Government Risk Profiling: Discrimination Risks Remain High
Margriet Vermeer ·
Listen to this article~3 min

Government risk profiling can discriminate without clear rules. A new report warns that biased algorithms harm marginalized groups. Learn what principled measures can prevent this.
### The Problem with Risk Profiling
Government risk profiling sounds like a smart way to allocate resources. But without clear rules, it can cause real harm. A new report from the University of Amsterdam warns that these systems often discriminate against marginalized groups.
Think about it: when algorithms decide who gets pulled over or audited, they can amplify existing biases. The researchers argue that without principled measures, the risk of discrimination and harm remains too great. This isn't just a theory—it's happening right now.
### Why Algorithms Can Be Unfair
Risk profiling uses data to predict who might commit a crime or commit fraud. But the data itself can be flawed. For example:
- Police stop more people in low-income neighborhoods, creating a feedback loop.
- Credit scores and zip codes can serve as proxies for race or class.
- Past arrest records may reflect biased policing, not actual crime rates.
These systems don't just reflect society's problems—they can make them worse. A person flagged as high-risk might face more scrutiny, which then generates more data that confirms the original label.

### What Principled Measures Would Look Like
The researchers call for transparency and accountability. That means:
- **Independent audits** of profiling systems to check for bias.
- **Public reporting** on how algorithms perform across different groups.

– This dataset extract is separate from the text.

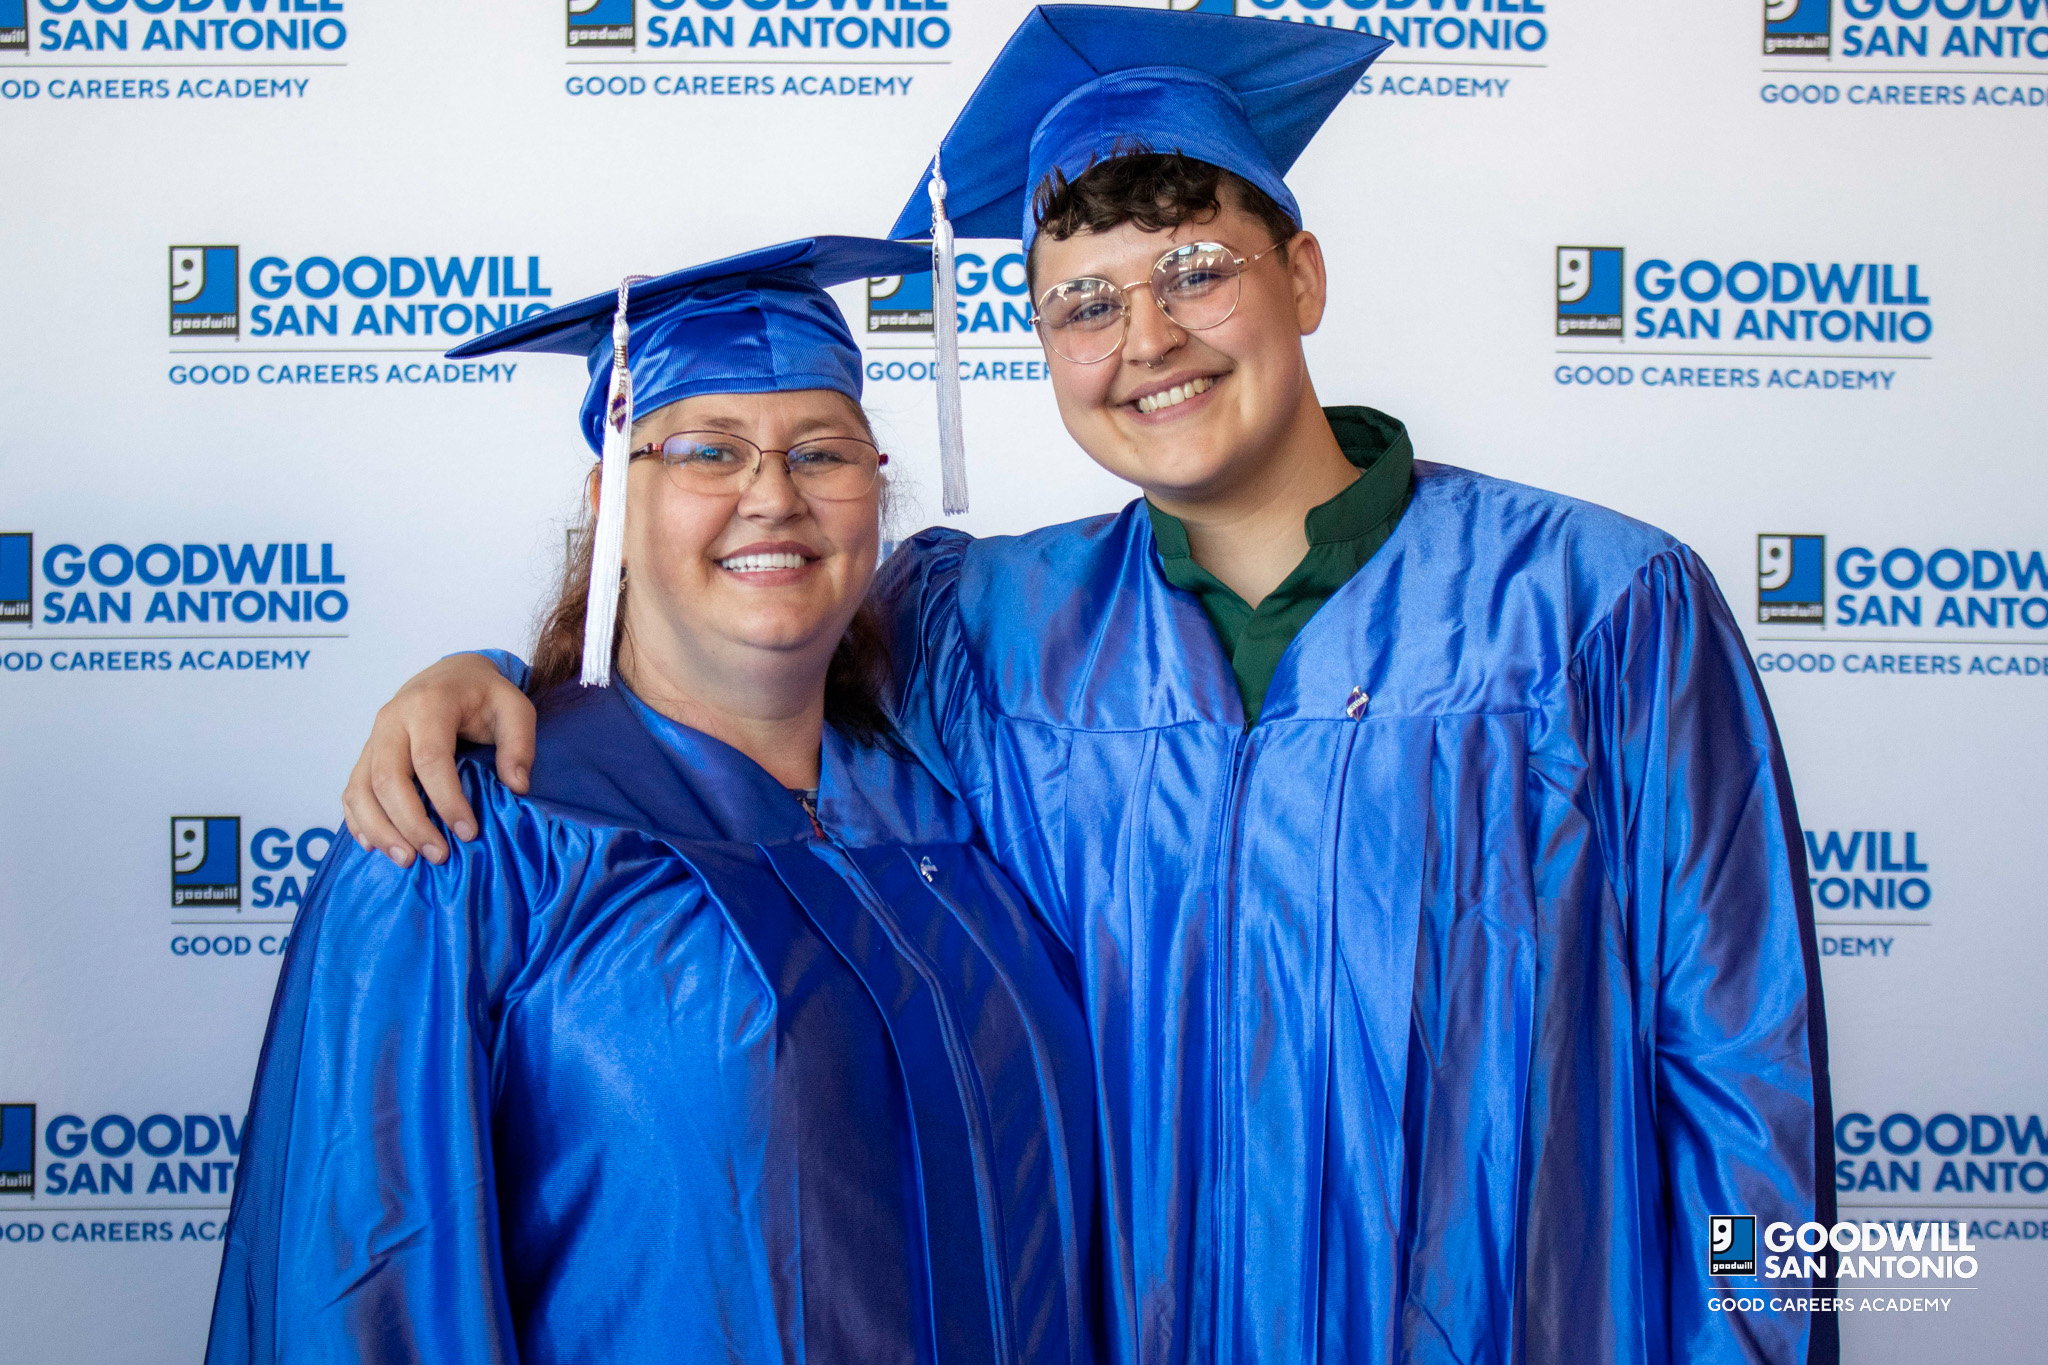 Mother and Daughter Good Careers Academy Graduates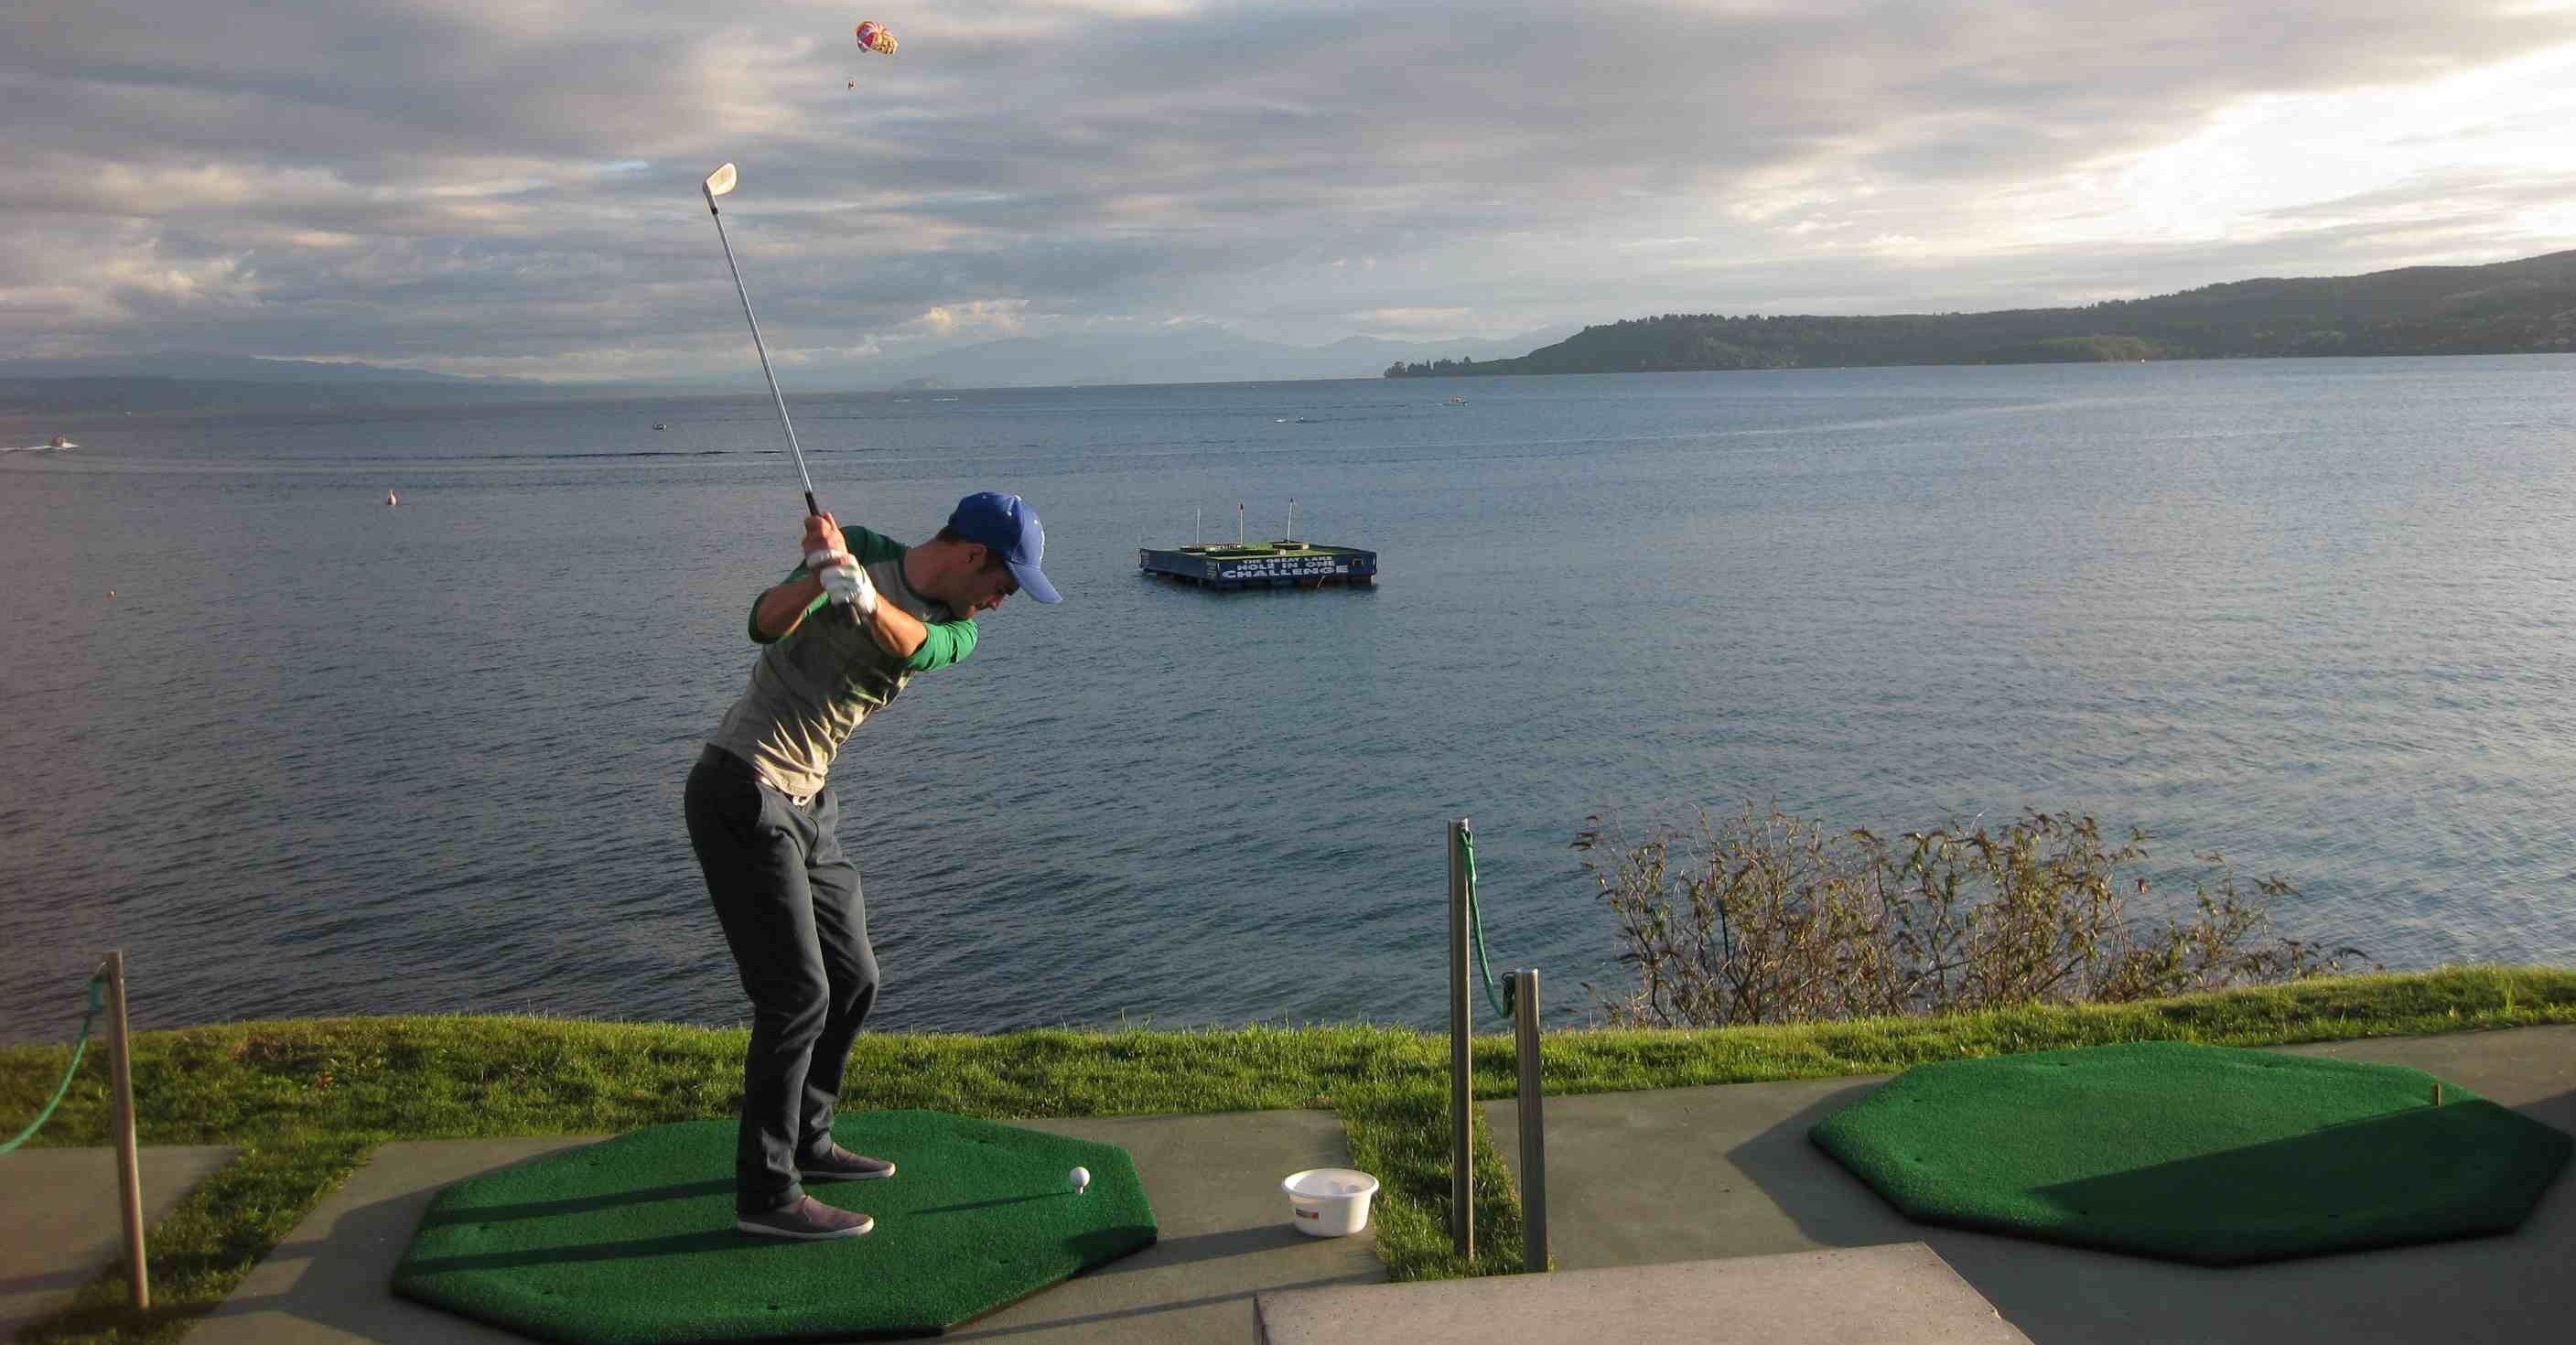 Golf player in Taupo, New Zealand

- **Clear rules** about what data can be used and why.
Without these safeguards, profiling becomes a tool for discrimination. It's like using a map that only shows certain roads—you'll always end up in the same places, missing the bigger picture.
### The Human Cost
When the government gets profiling wrong, real people suffer. A single flag can lead to lost jobs, denied loans, or even wrongful arrests. The harm isn't just statistical—it's personal.
> "Without principled measures, the risk of discrimination and harm remains too great." — University of Amsterdam researchers
This isn't about being anti-technology. It's about being pro-justice. We can use data to improve safety and efficiency, but not at the expense of fairness.
### What You Can Do
If you work in policy or advocacy, here's how to push back:
- **Ask questions** about any profiling system your organization uses.
- **Demand transparency** from vendors and government agencies.
- **Support legislation** that restricts biased uses of data.
The bottom line: risk profiling isn't inherently bad. But without principled measures, it's a shortcut to discrimination. We need to slow down, think critically, and build systems that serve everyone—not just the data points that fit a model.
This conversation matters for anyone concerned about civil rights, privacy, and equality. The University of Amsterdam's report is a wake-up call. Let's not ignore it.